# 7PAVITPR: Introduction to Statistical Programming
# Python practical 6

_Angus Roberts<br/>
Department of Biostatistics and Health Informatics<br/>
Institute of Psychiatry, Psychology and Neuroscience<br/>
King's College London<br/>_


# Flow of control: if, while, for, and range

Python's main control statements are:
- `if`
- `while`
- `for`

`if` and `while` are very similar to their counterparts in other languages. `for` behaves a little differently, as we will explain later.
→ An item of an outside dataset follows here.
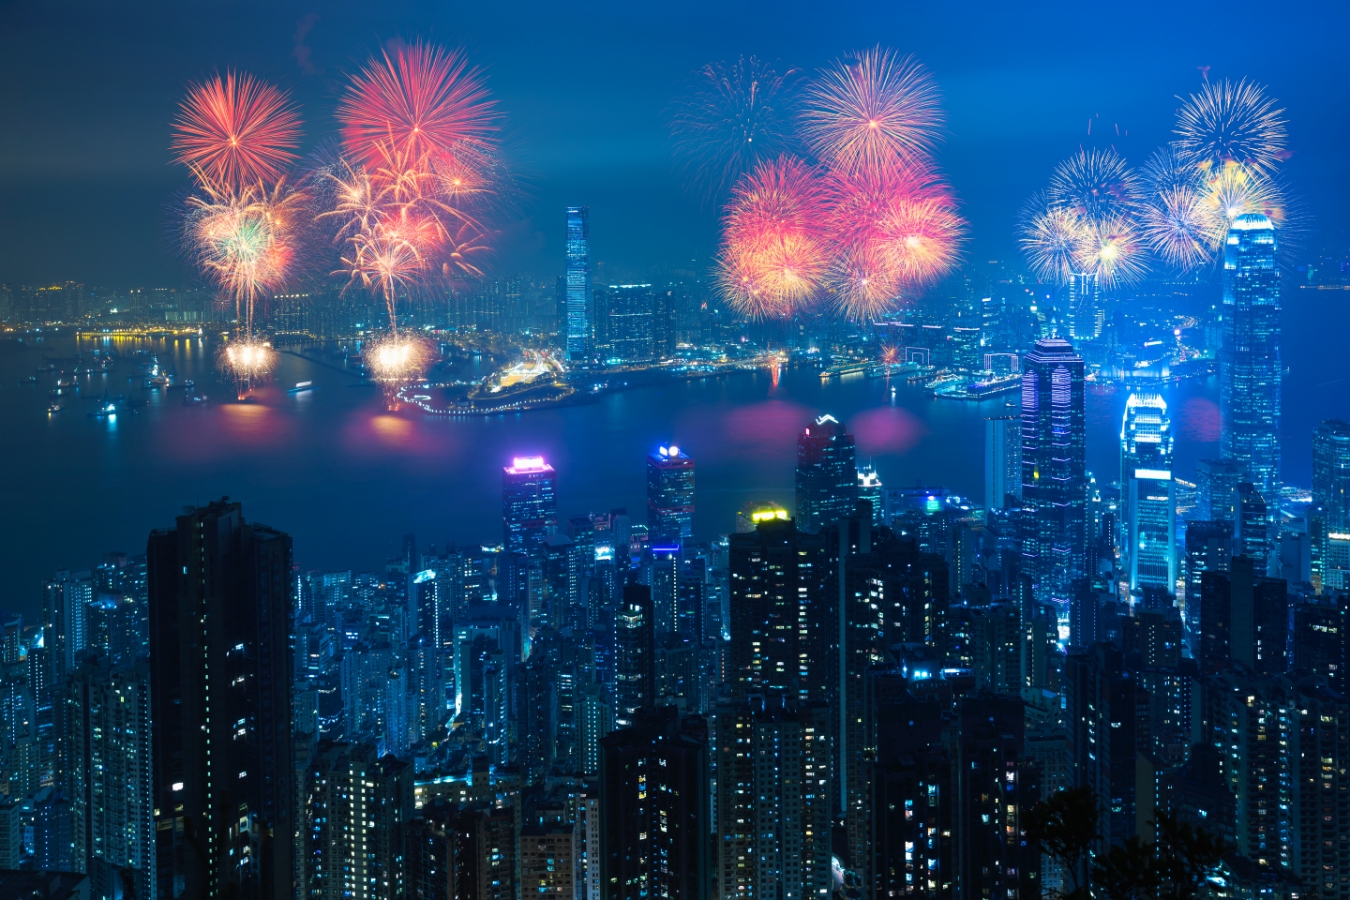 a view of the fireworks in hong kong from the peak. the hong kong island skyscrapers are in the foreground and the kowloon skyline is in the background.
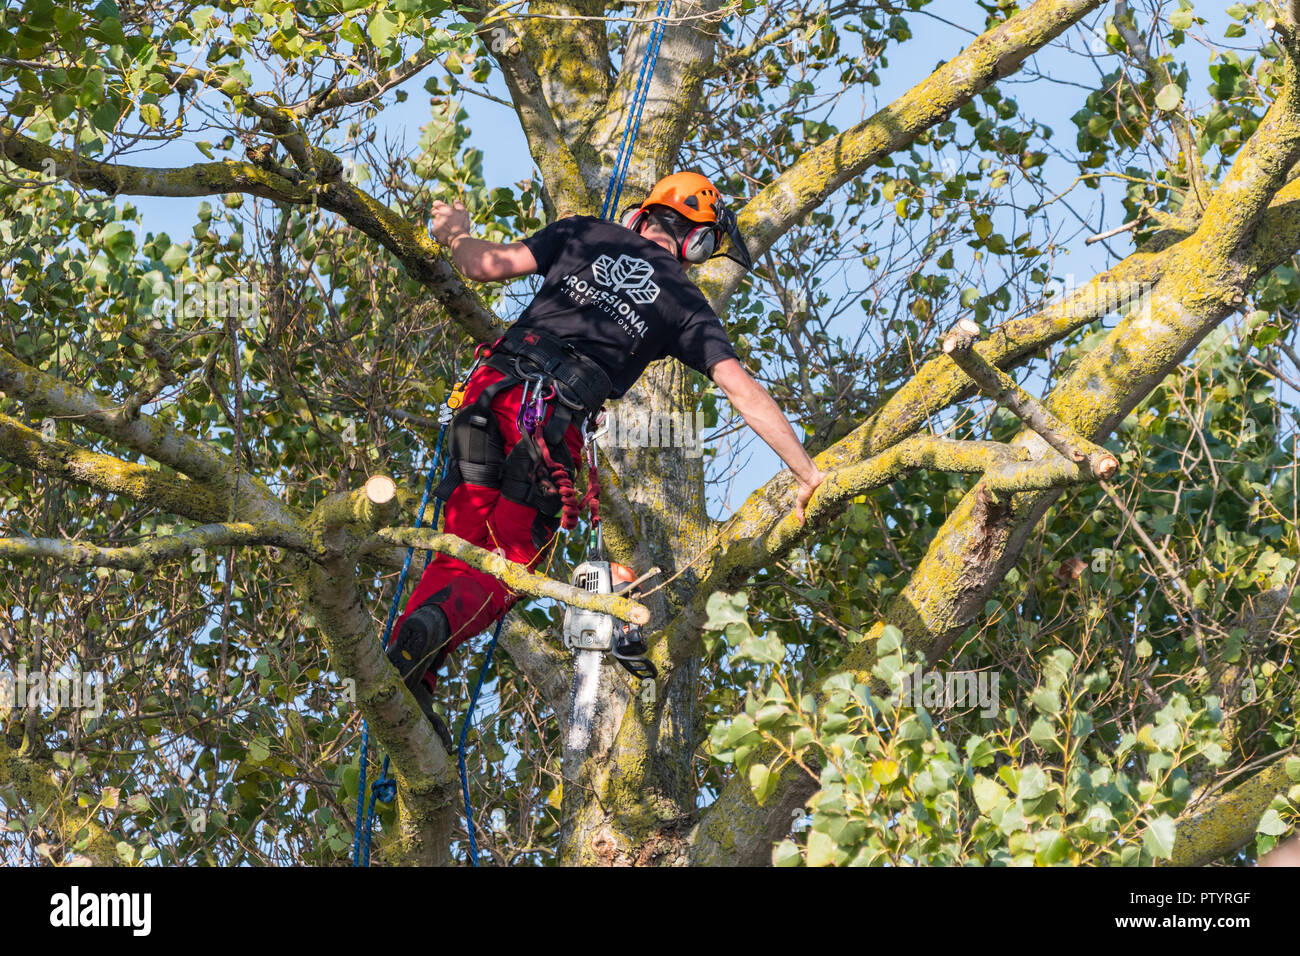 Tree feller up a tree in Autumn secured by rope using a saw to trim a tree, in the UK. Tree surgery. Tree felling. Tree surgeon. Tree pruning. Stock Photo

We will also cover two built-in functions that can be used to extend the use of `for`:
- `range()`
- `enumerate()`

Python also has statements to break out of and force continuation of `while` and `for` control loops. We will not cover these - see the [Python tutorial](https://docs.python.org/3/tutorial/controlflow.html#break-and-continue-statements-and-else-clauses-on-loops) for details.



### Indentation

When defining control of flow, we need to know which statements a loop (`for` or `while`) or a condition (`if`) applies to. R (and some other languages) delineate these blocks of code with pairs of curly braces `{}`:

`while (test_1) {
  statement_a
  if (test_2) {
    statement_b
    statement_c
  }
}`

In these languages:

- The control statement (in this case `while` and `if`) applies to everything in their following braces.
- Any whitespace or indentation before each line is not neccesary, and has no meaning to the program interpreter. It is a convention, and there only to aid readability

In Python, whitespace matters - it is meaningful.

- No braces are used
- Instead the amount of indentation determines the block of code
- All lines with the same amount of indentation are in the same block
- A colon is used at the end of a test, to signal that an associated block starts on the next line

The above R code in Python is:

`while test_1:
  statement_a
  if test_2:
    statement_b
    statement_c`
    

## <font color=green>💬 Discussion point</font>
Can you think of any advantages or disadvantages with Python's meaningful whitespace approach?

### If statements

The simplest form of the `if` in Python is:

`if test:
  statement
else:
  statement`
  
## <font color=green>❓ Question</font>

Write an if statement to take an integer input from a user, and print out whether the integer is even or odd. You can make use of the following:

- the `input()` function, which takes input from the user (STDIN)
- the `int()` function, which casts a value to an integer
- the `%` operator, which finds the remainder
- the fact that zero has a truth value of false


## <font color=green>⌨️ Your answer</font>



In [None]:
# Uncomment and complete the lines below to give your answer

value = input("integer please")
value = int(value)
if value % 2 :
    print('odd')
else:
    print('even')



__Multiple conditions in an if statement__

What if we want to carry out multiple tests? We could nest our if statements, like this:



In [None]:
value = input('Enter a character: ')
if value == 'c':
    print('cytosine')
else:
    if value == 'g':
        print('guanine')
    else:
        if value == 't':
            print('thymine')
        else:
            print('something else')

But this will get tedious and hard to read very quickly. Instead, we can chain lots of tests together with `elif`, which is similar to `else if` in R and java. Run the example below. Note how the final `else` catches any value not covered by the previous tests:

In [None]:
value = input('Enter a character: ')
if value == 'c':
    print('cytosine')
elif value == 'g':
    print('guanine')
elif value == 't':
    print('thymine')
else:
    print('something else')

## <font color=green>❓ Question</font>

Write an if / elif / else statement to take an integer input from a user, and print out whether the integer is zero, negative, positive even or positive odd.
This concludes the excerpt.